Threads and Tweets and Skies (I don’t know what Bluesky is calling its posts but I am to assume it’s twee and silly) are in the lexicon today and if you don’t know what any of that is, congrats on your well-adjusted nature. In the absence of a functional adult to run Twitter, the great social media harvest of 2023 has commenced in earnest. We’ve all branched off into factions. Some will inhabit the emptied hull of Twitter til the end comes alongside the porn bots and the assembled blue checks complaining about their silencing. Some are Threads-curious; some are trying to get into Club Blue Sky. The pretty people on the ‘gram are about to get a rude awakening with the influx of the bridge troll brigade coming over from Twitter in search of a home, and my fondest hope is that some people learn how to snark and other people pick up a good skin care regimen.
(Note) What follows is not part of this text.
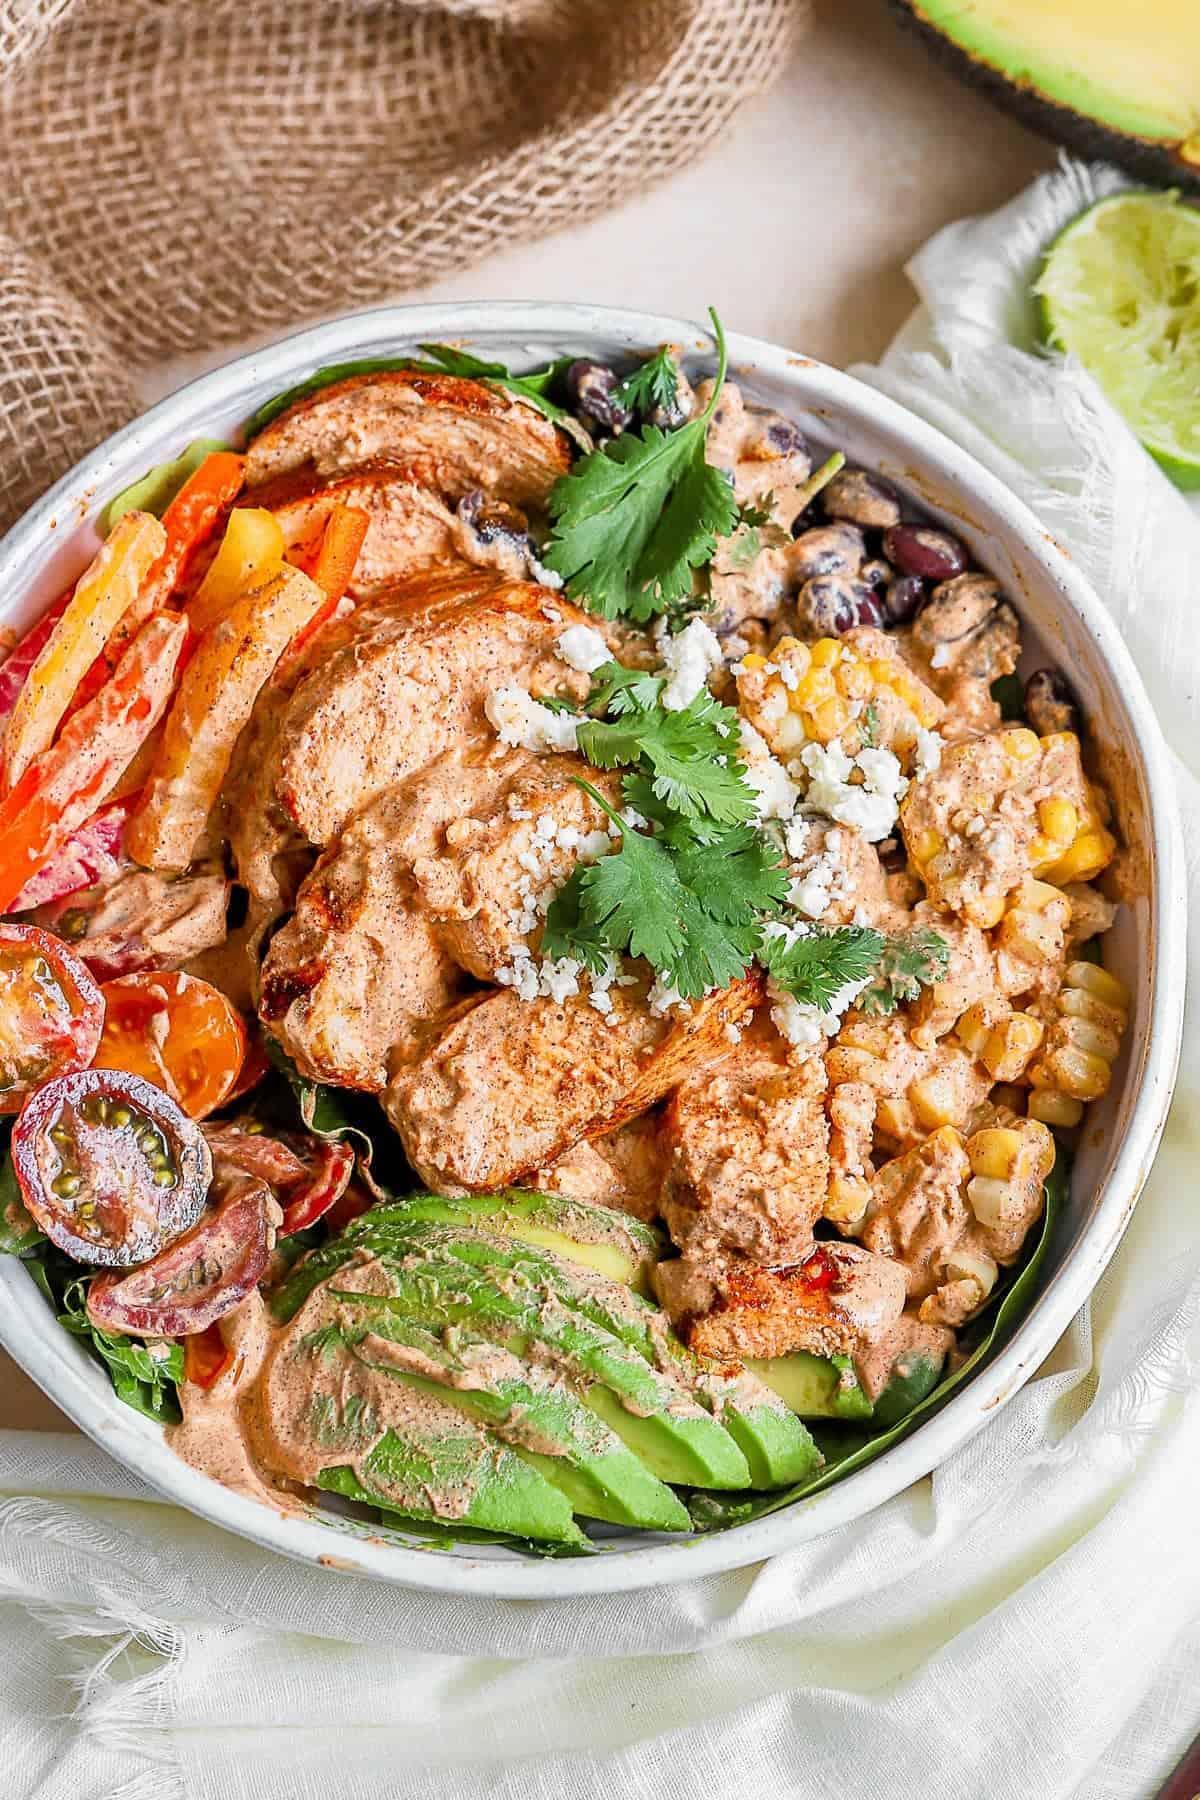 A finished Southwest Chicken Salad bowl with fresh garnish

Wins for everyone.
Everyone is trying to find a platform they belong on, which should be the wildest sentence ever typed and send any rational society sprinting to shut down the internet for two weeks until we figure out a better way forward for all and atone for a litany of sins.
We won’t do that, obviously. This machine is broken, and now the solution is to figure out which flaming hunk of the wreckage we’d like to ride down to terra firma upon like drunken gods, toasting and no-look shooting as the world burns bright around us.
Obvious college basketball metaphor goes here.